China, on the other hand, is much stronger than what its current GDP figure implies and what most people realise:
- China has world's largest manufacturing sector which is increasingly climbing up the value chain. China's R&D size and quality are becoming larger and better year by year, which are supported by China's huge pool of scientific and engineering talents (ultimately decided by its high national avg IQ).
- China's hugely under-valued RMB gives a fake impression that China has very low GDP/cap. Don't be surprises that China's GDP/cap could have a rapid rise once RMB is allowed to be more market-oriented.
All these factors are artificially suppressed in its current "fake"( undervalued) GDP figure compared to the US.

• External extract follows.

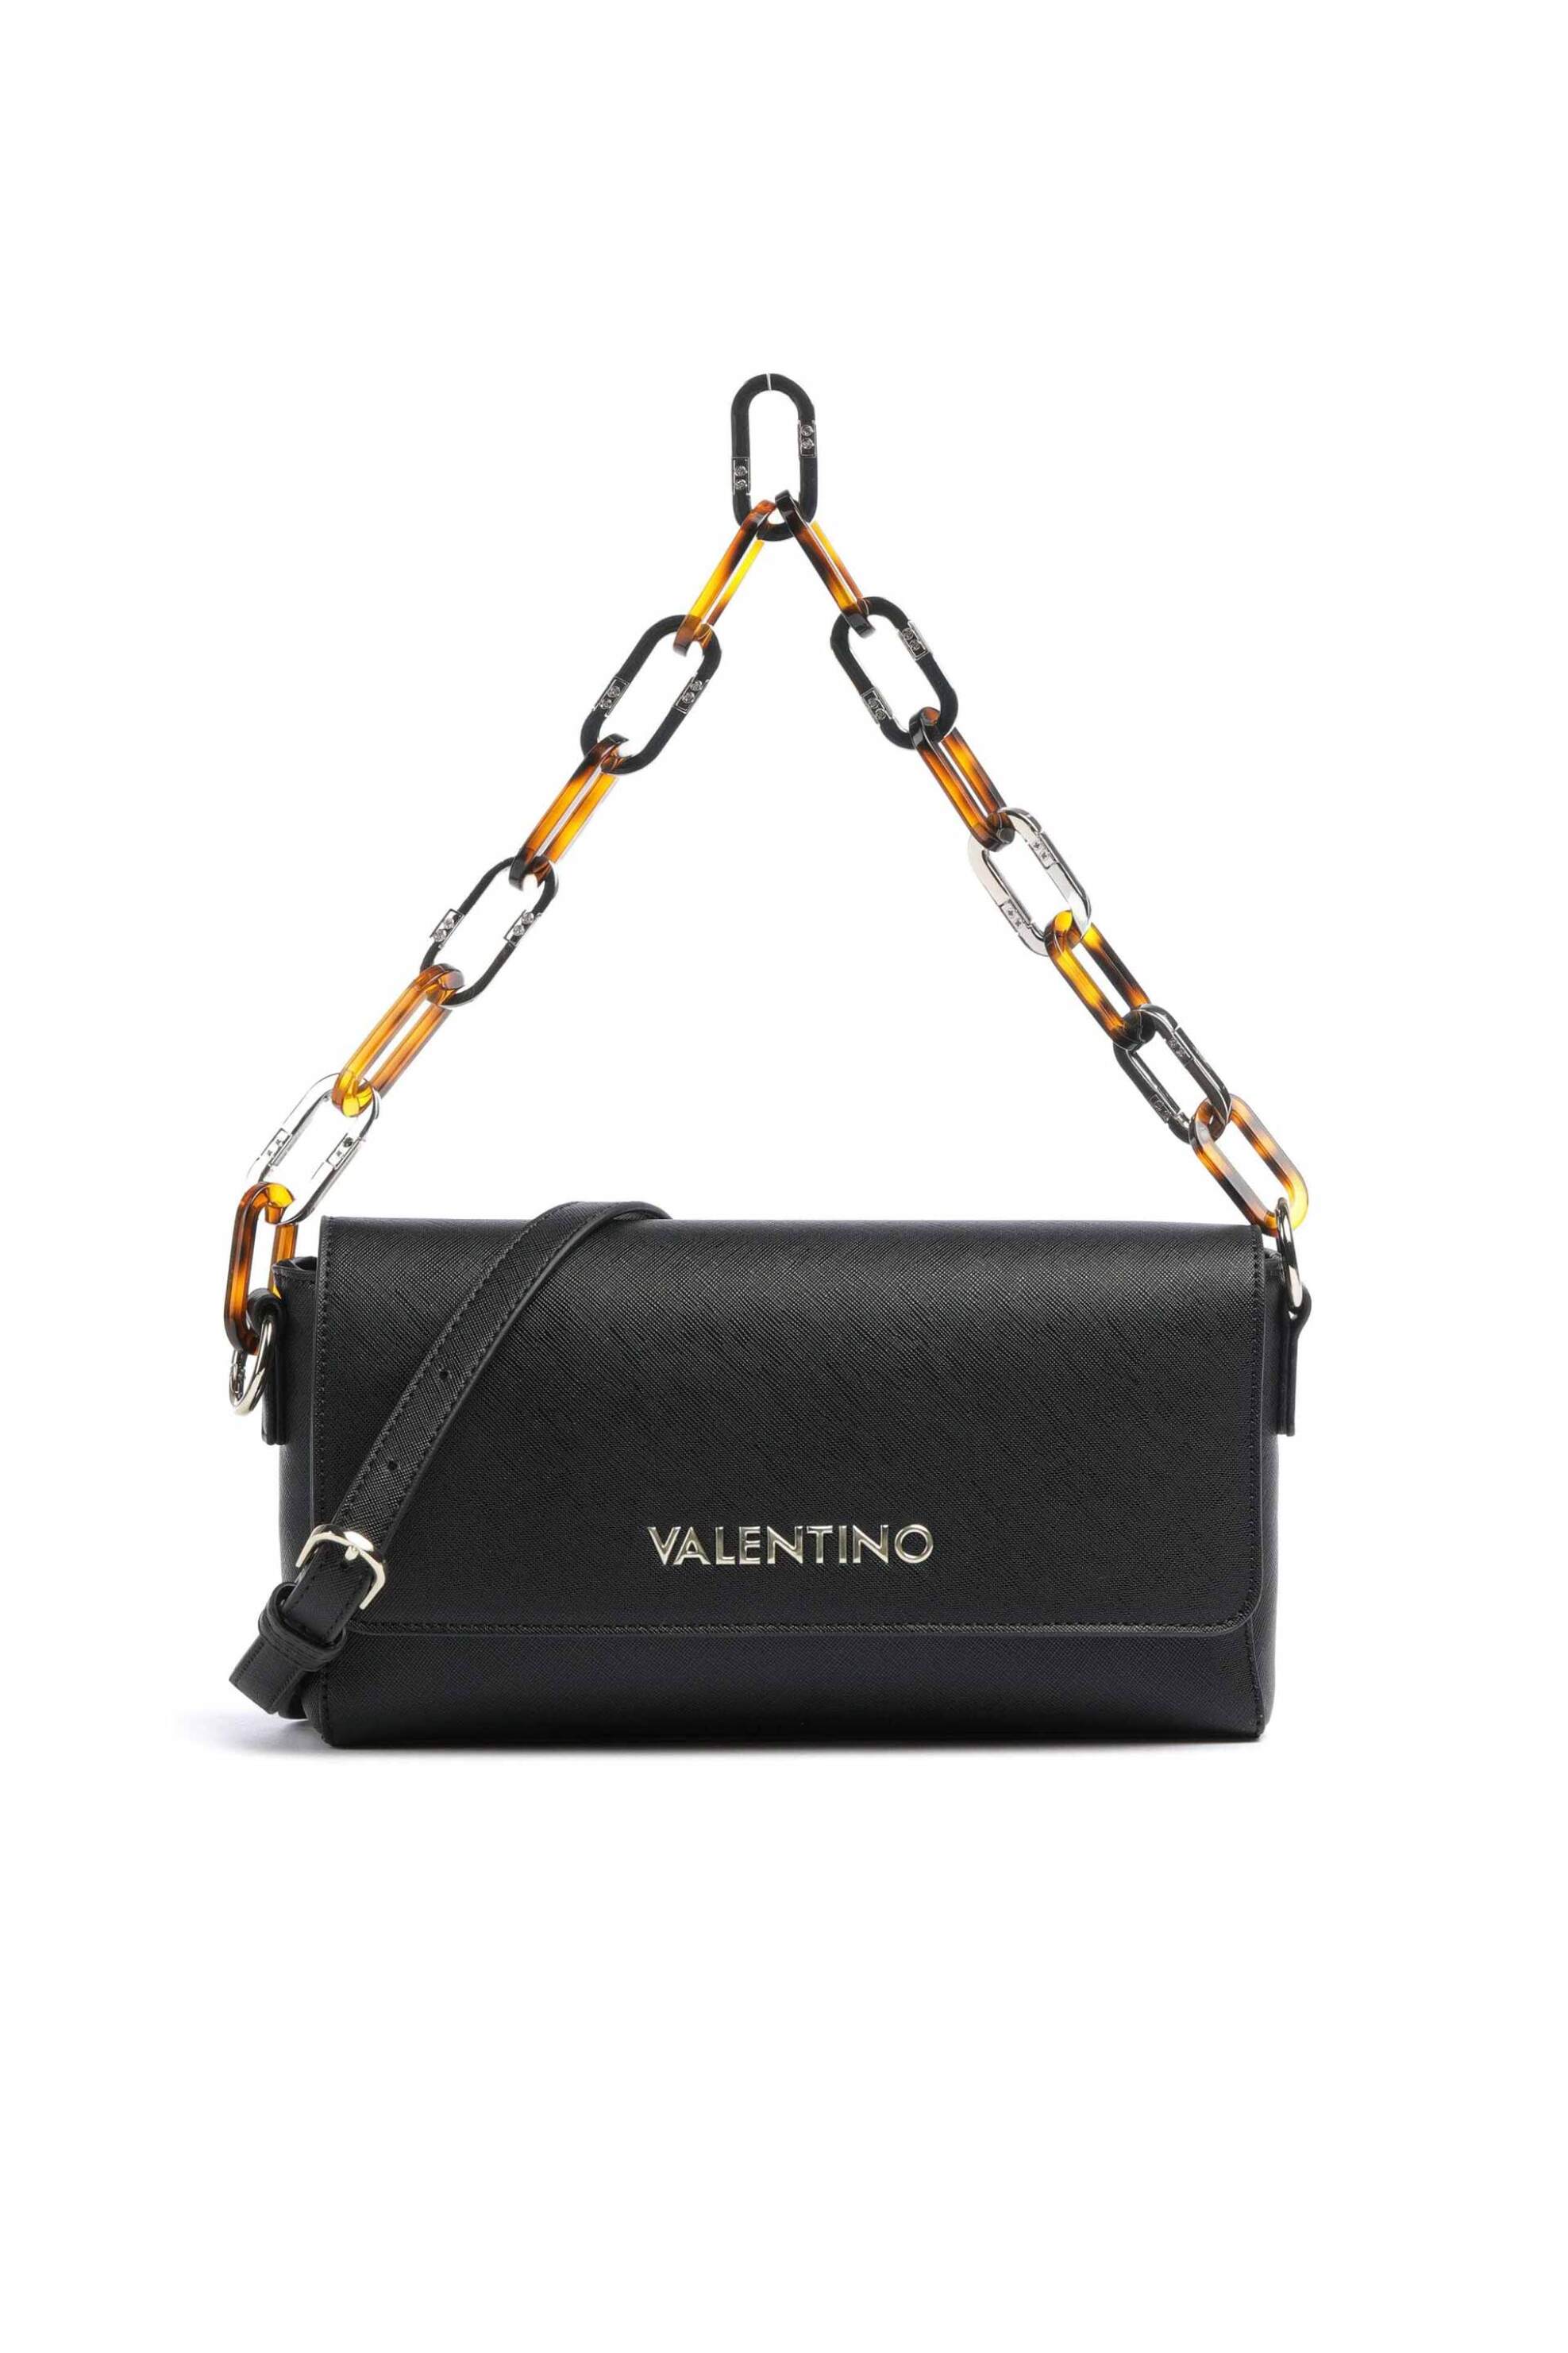 Γυναίκα > ΤΣΑΝΤΕΣ > Τσάντες Ώμου & Shopper Bags Valentino γυναικεία τσάντα ώμου μονόχρωμη με contrast logo μπροστά "Bercy" - 55KVBS7LM03/BER Μαύρο

However, China does have weaknesses, noticeblely the "Party above Law" hence no true rule of law whenever it really matters which has profound negative consequences to the Chinese economy (GDP hard power: massive misallocation of funds, missive corruptions which limit the effectiveness of innovations and productivity increase in order to move up the value chain, etc ), and to the Chinese society (softpower: social corruptions, lost of confidence on potentially huge soft power of Han Chinese' own language and culture, blindly following unsustainable materialistic Western consumption lifestyle and (idiotic) pop idols the massive US entertainment industry is heavily depends on, the severe lack of social justice and morale, etc ) that otherwise could have been naturally solved in tune with the improvement of the economy.
Fortunately China's Xi Jinping is doing sth serious on curbing corruptions. If he can eventually manage to restore rule of law instead of rule of party, I am confident that China could whistle pass the US on most fields within our lifetime, EASILY.